Without that simple mindset of openness and service you can get overwhelmed by the data you are receiving while scribing in real-time. And if you are inclined, you can begin relying solely on your artistic skills to try and cover-up the fact that you have become lost in the details — tuning out things like I did as a young drawer. But scribing, graphic recording, visual sketch-noting, (whatever the kids are calling it nowadays) is all about tuning in not tuning out.
MG Taylor had a collection of axioms that they used as part of their DesignShop process. One of the axioms they used to orient groups was:
Everyone in this room has the answer.

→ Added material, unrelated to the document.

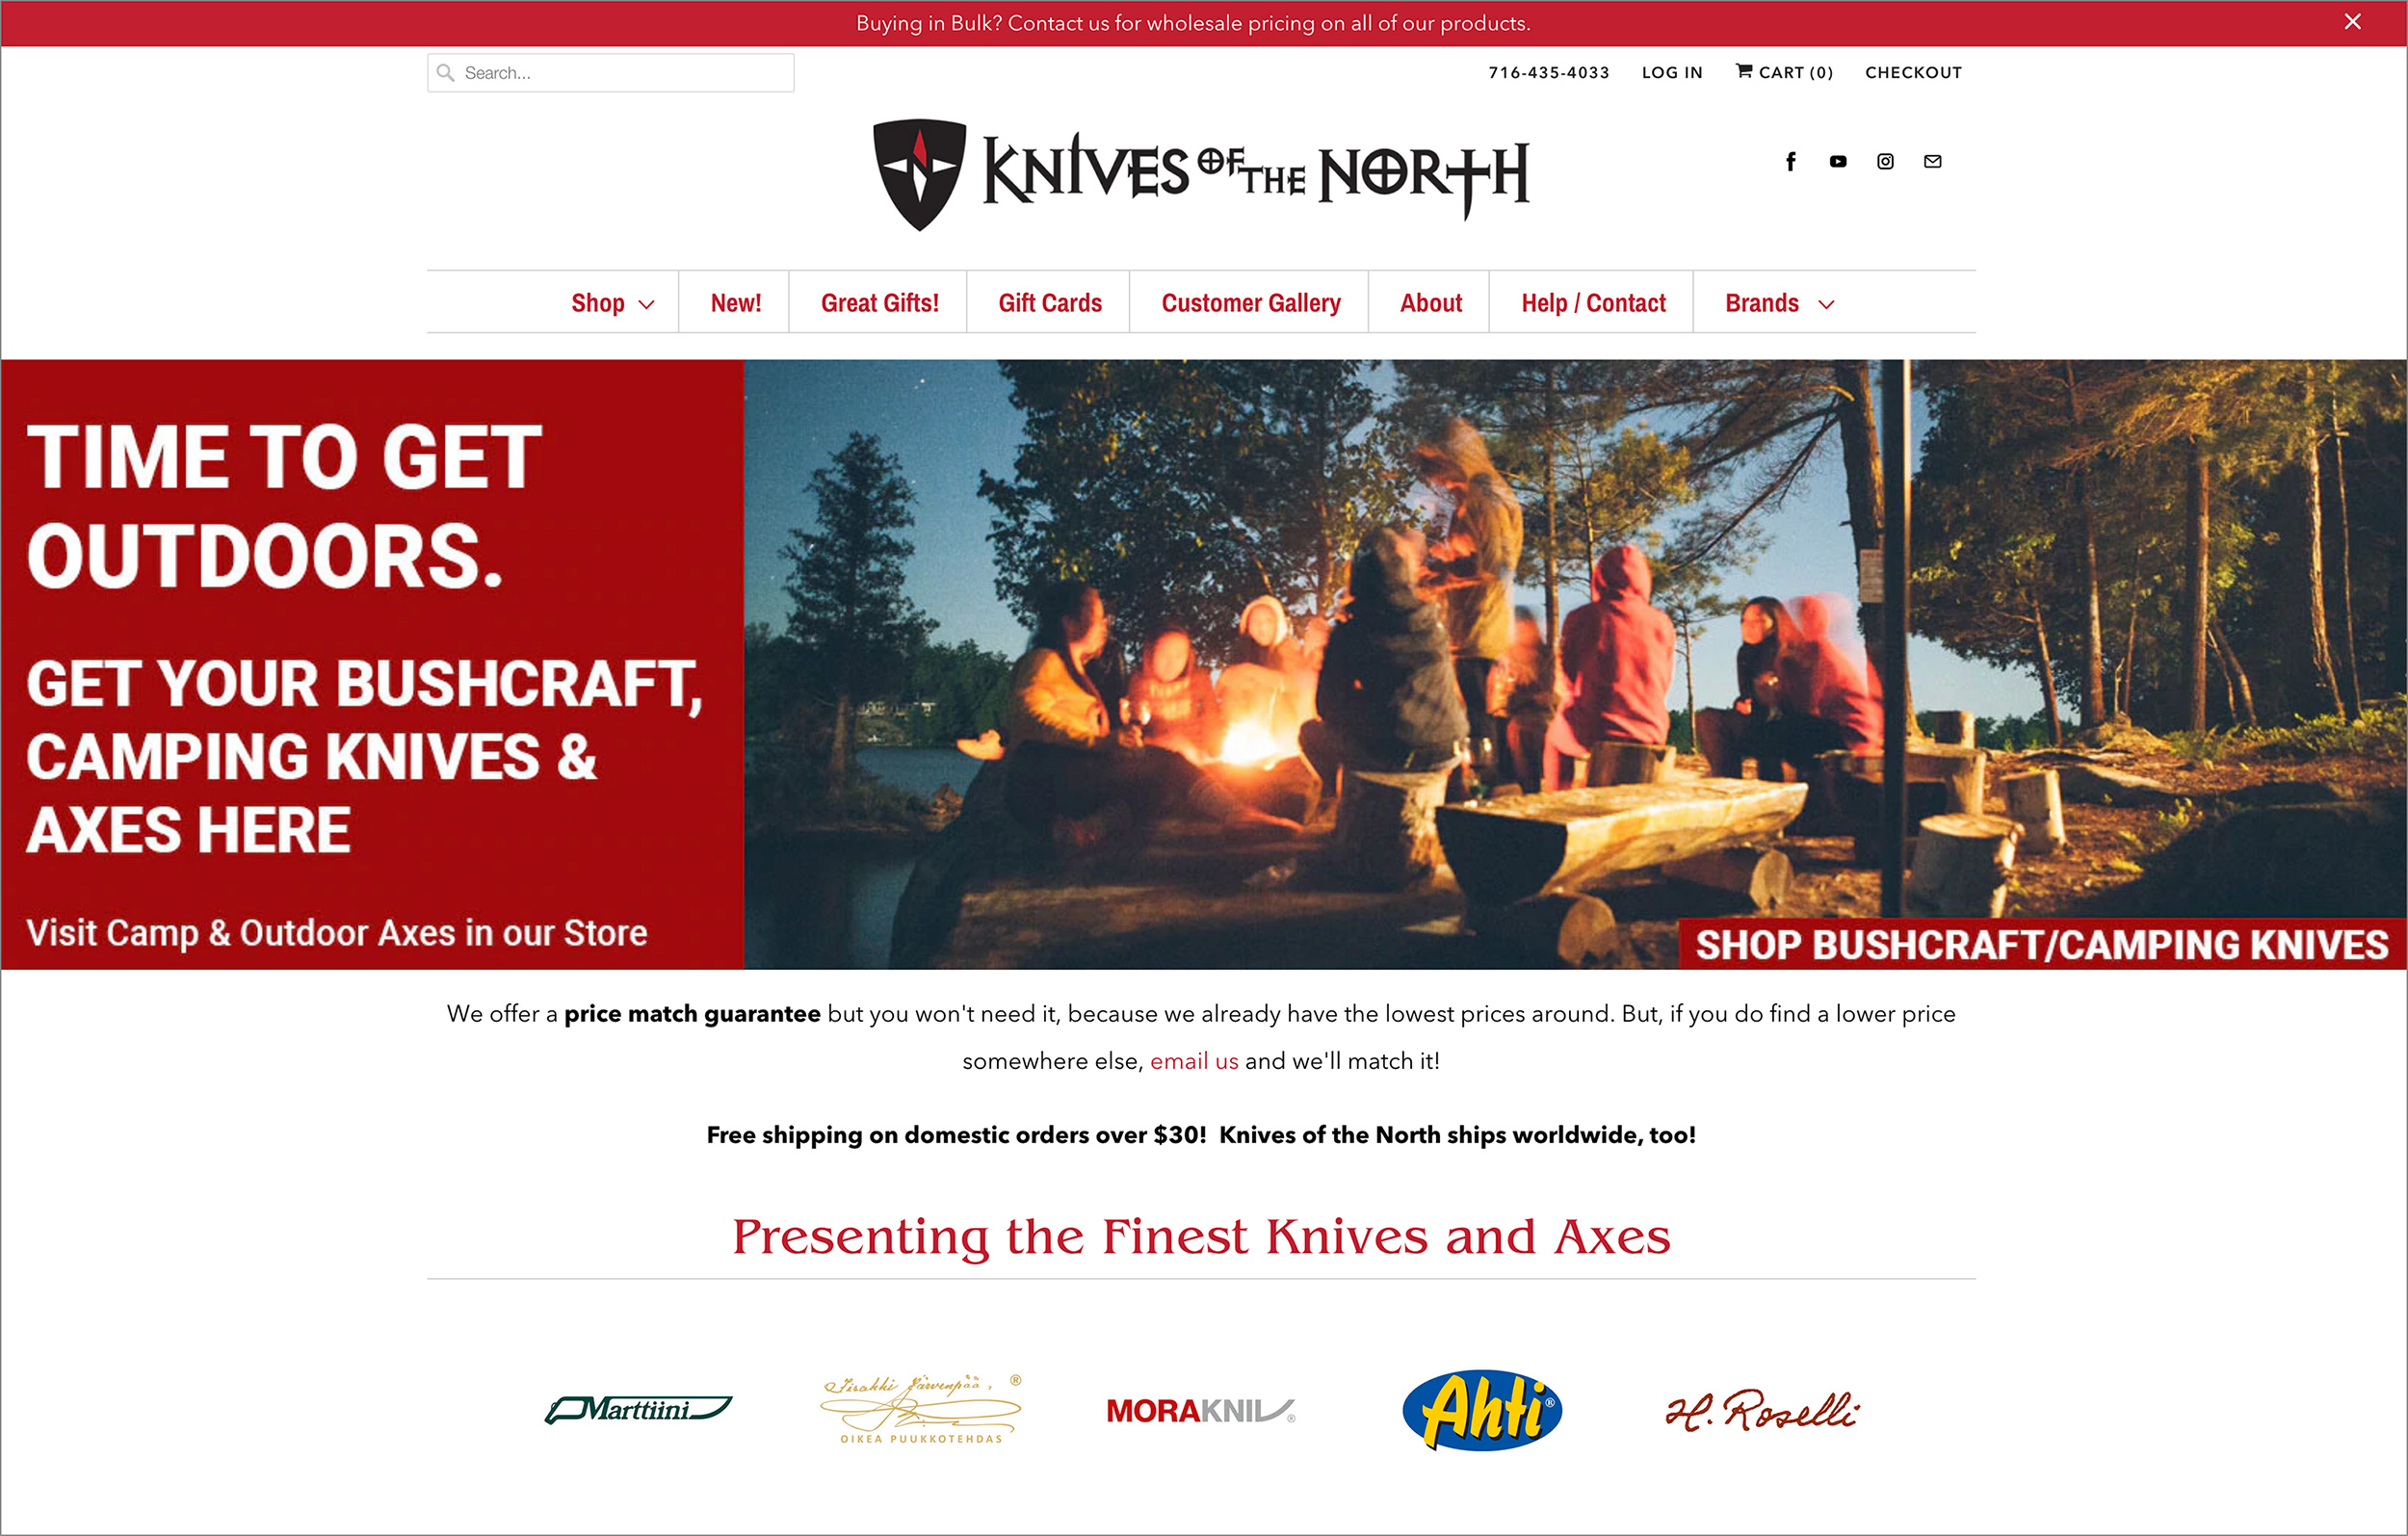 Knives of the North home page screen shot

The purpose of this intense experience is to stimulate one, several, or all of us to extract and remember what we already know.
Through my experience I came to understand that it was the scribe’s duty to facilitate that “intense experience” to help stimulate the group’s collaborative process. Through listening with a mindset of openness, creative exploration, and service to the group’s input the scribe utilizes their special graphic skills to synthesize and output their information to help them uncover the answer(s).
If you are listening openly and keenly and seeing yourself as a member of the group you are supporting rather than separate then you can not only make a “pretty picture”, but also you will do something much more than that: you will do something that resonates, illuminates, and tells a real-time visual story of what it is you are capturing.